Surely it would be okay for her to sneak down to the kitchen and get a snack? She wouldn’t go down that long winding hall. She didn’t particularly want to, and even if she had, she knew it would definitely not be a good thing to do. It would be violating a trust. She wouldn’t be in this house at all if there hadn’t been complete confidence in her staying away from the ceremony.
A trust she suddenly wasn’t so sure she returned.
“The Gretneg of a Meegra has to do what’s best for her family first,” Greyson had told her the night she’d connected herself to the personal demons and started this whole thing. Or rather, the night this stage of the whole thing had begun. Apparently it had started even before she thought it had, before the Accuser had shown up in her bedroom and taken over her body.
Greyson was Gretneg now, and nobody knew better than Megan how seriously he took that responsibility. If he thought it served his needs and those of his family best, he would flick her demons out of the way with no more care than he would if a moth landed on his windowsill.

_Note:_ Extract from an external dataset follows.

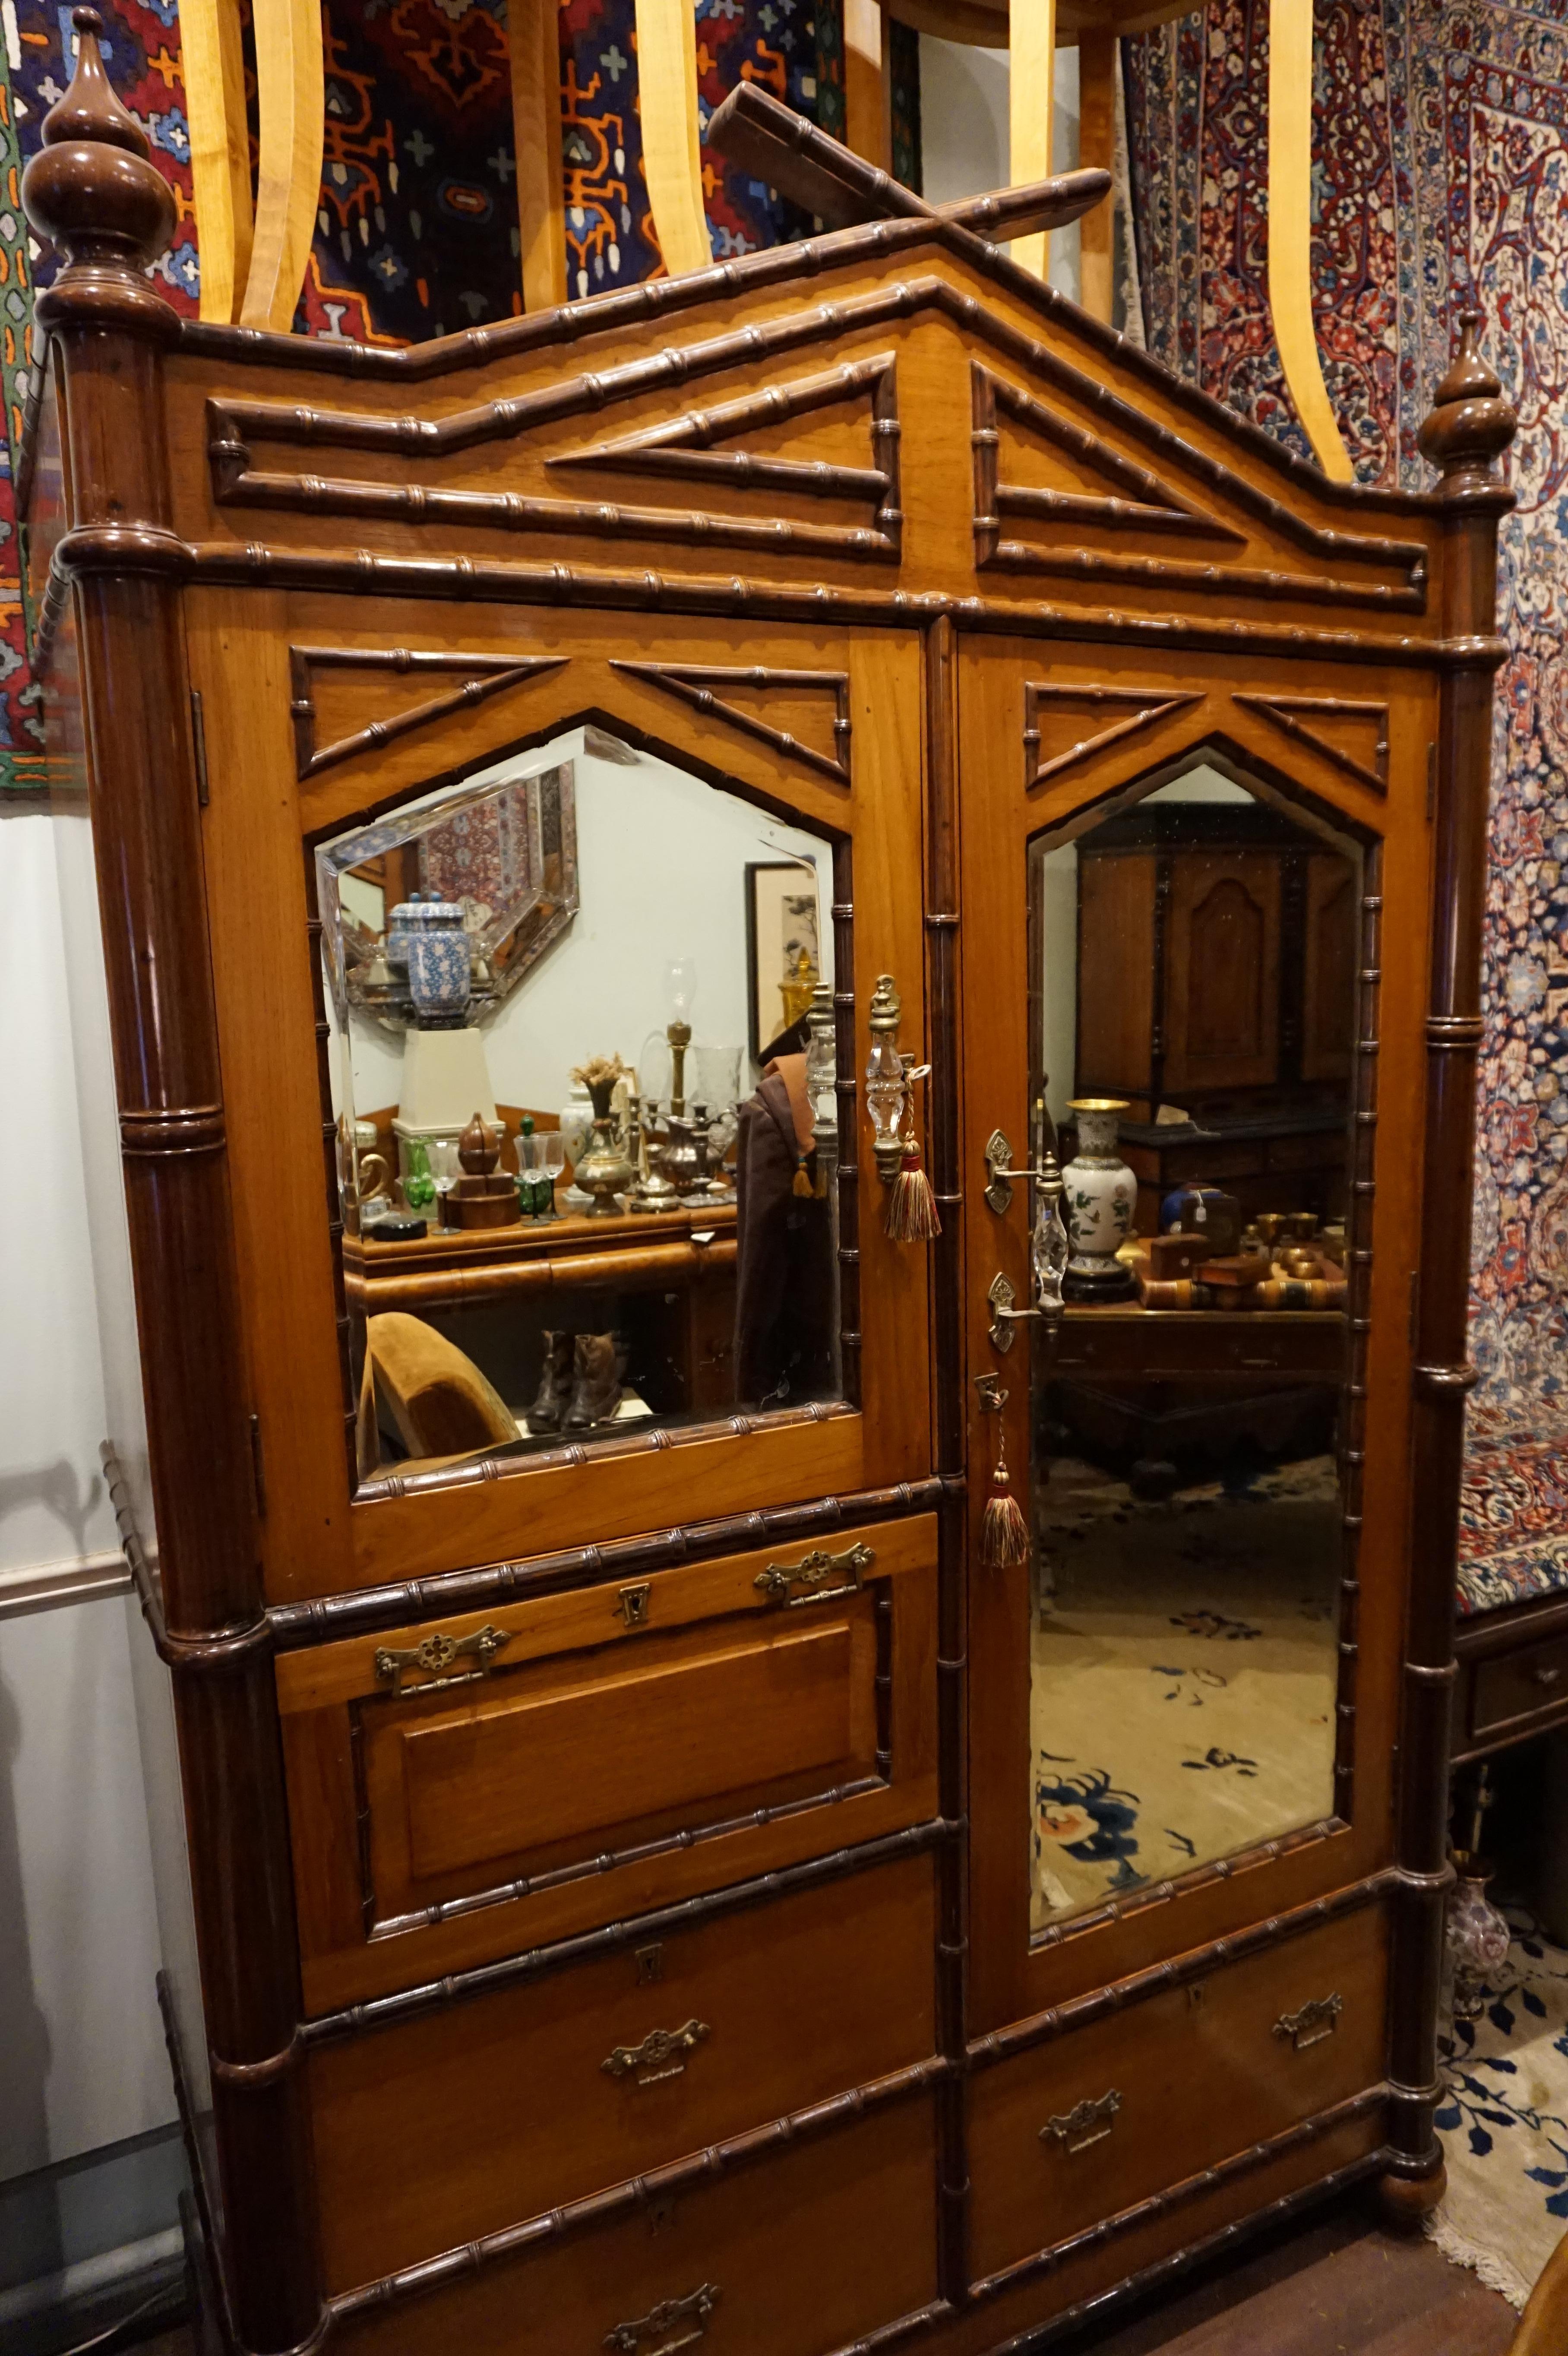 Custom made singular armoire in solid Teak and Rosewood, circa 1880-1890. Attention to detail and old world craftsmanship best describe this piece. Inspired by Orientalist themes this cupboard features a gable moulding, finials, Rosewood wraparound

Wouldn’t he? Had he done it already?
She knew this was silly. If she asked him he would tell her. He would give her his word, and she trusted that word. But the heavy atmosphere in the house, the sense that the air around her was swirling and shifting, made her skin tingle and butterflies fill her stomach. Something was changing, and she didn’t know yet how serious or far-reaching those changes would be.